Китайчонок и профессор осознают происходящее мгновенно. Если учесть, сколько алкоголя влил в себя старикан, его реакция представляется просто блистательной. Он кидает реплику, не имеющую ничего общего с его обычными «милый мой» или «Господи благослови», опрокидывает стул и уносится со скоростью ракеты прочь. Китайчонок срывается с места еще быстрее, но теряет пару мгновений на то, чтоб швырнуть поднос на письменный стол, и сталкивается в дверях с Визерспу-ном. После заминки на выходе, сопровождаемой непарламентскими выражениями профессора, оба исчезают. Хьюэлл топает по пятам за ними.

Через пяток секунд я пристроился к бюро. Приоткрыл правую дверь, сорвал с одного крючка наушники, с другого — пластмассовый ключ передатчика. Отметил про себя: и то и другое, судя по проводам, подсоединено к аппарату. Наушники надел на себя, ключ положил на стол.

На самой установке обнаружил рубильник и ручку. Логично предположить, что рубильник включает и выключает установку, а ручка регулирует параметры передачи. Я повернул ручку рубильника. Все правильно. По меньшей мере в отношении рубильника. Наушники сразу наполнились шумом и треском: видимо, включилась принимающая антенна.

Низкая частота! Мэри утверждает, что сигнал бедствия передают на низкой частоте. Я внимательно осматриваю полукружья градуированных циферблатов, их пять, причем средний светится. Рассматриваю названия городов, обозначенные по-английски и по-китайски. Соображаю: каким образом отличить длинноволновый диапазон от коротковолнового?

Черт знает, услышу ли я себя в наушниках при передаче. Отстукиваю пару пробных SOS и ничего не слышу. Возвращаю ручку в исходное положение. По-прежнему ничего! Тут я замечаю рычажок на оборотной стороне передающего устройства. Отвожу рычажок на себя. Снова подаю сигнал. Теперь он отчетливо слышен. Очевидно, можно совмещать передачу с приемом. А можно просто передавать, не контролируя себя.

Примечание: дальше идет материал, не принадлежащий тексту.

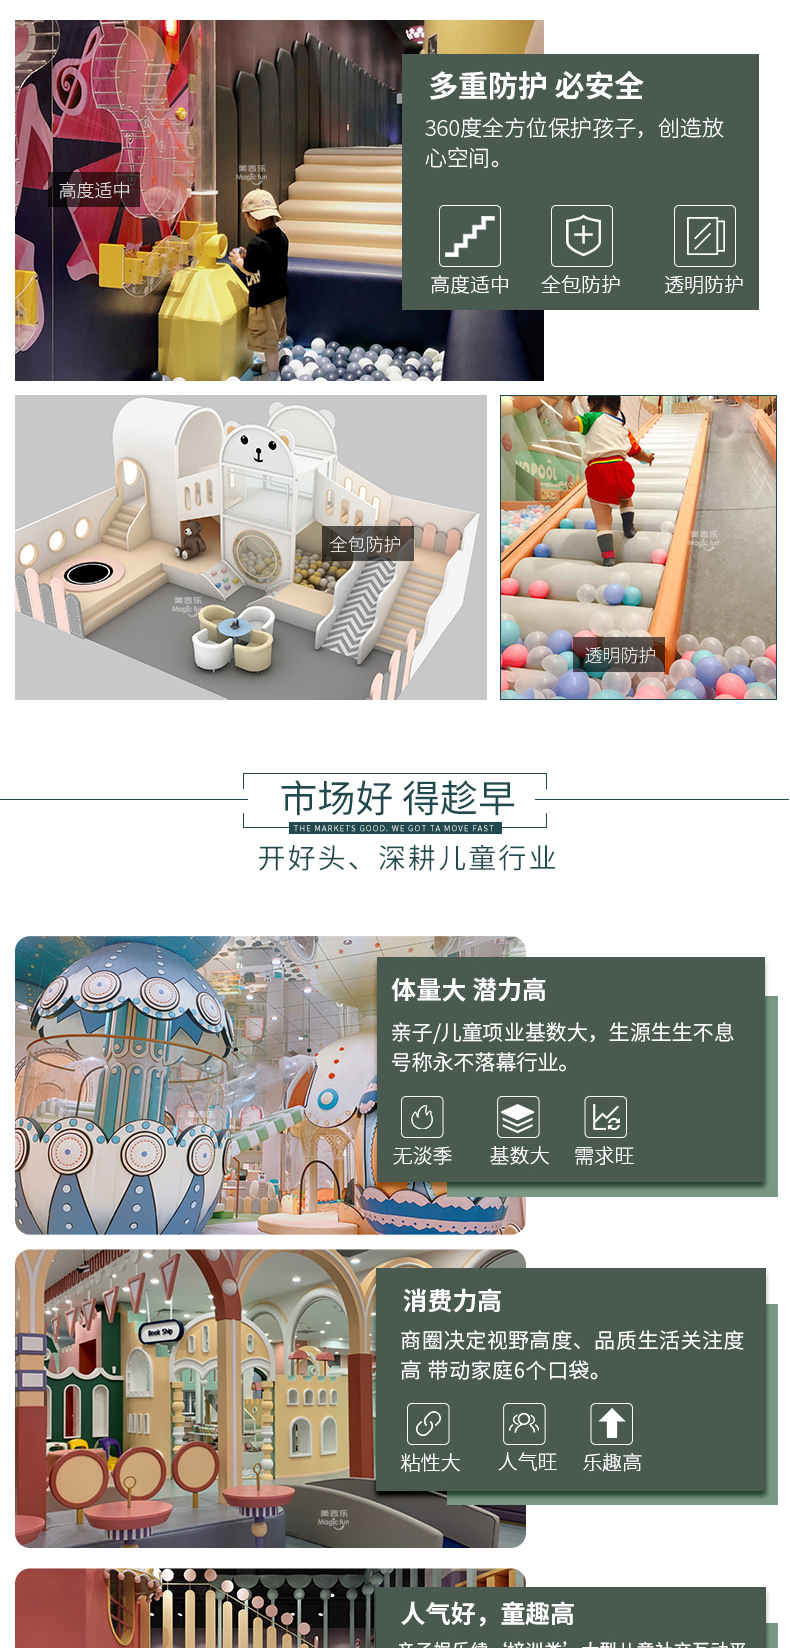 武汉游乐场室内设备 淘气堡儿童乐园 大型亲子餐厅 7

Шкала настройки изрезана черточками, обозначающими, по-видимому, волны. Но где какая — не обозначено. Цифр нет. Эксперта подобная ситуация не смутила бы, а меня повергла в смятение. Я приглядываюсь к шкале попристальней. Ага, две верхние полоски мечены по краям буквами КГЦ, а три нижние — МГЦ. Сперва значение этих аббревиатур до меня не доходит. Утомленная голова ноет, чуть ли не как рука. А потом — чудесное озарение! К — это килогерцы, а М — мегагерцы. Верхняя линия, стало быть, самые длинные волны и, соответственно, самые низкие частоты. Она, стало быть, и нужна мне. По меньшей мере, я так думаю. Я начинаю вращать новую ручку, которая представляется мне регулятором волн, и верхняя полоска включается, а средняя отключается.

Перевожу ручку настройки в крайнюю позицию и принимаюсь за передачу.

Унылая работенка. Выручает только пиво.

Проходит десять минут. За это время я успел поработать на тридцати частотах. Ничего, никакого результата. Смотрю на настенные часы. Одна минута третьего. Опять отбиваю свое SOS. Опять безрезультатно.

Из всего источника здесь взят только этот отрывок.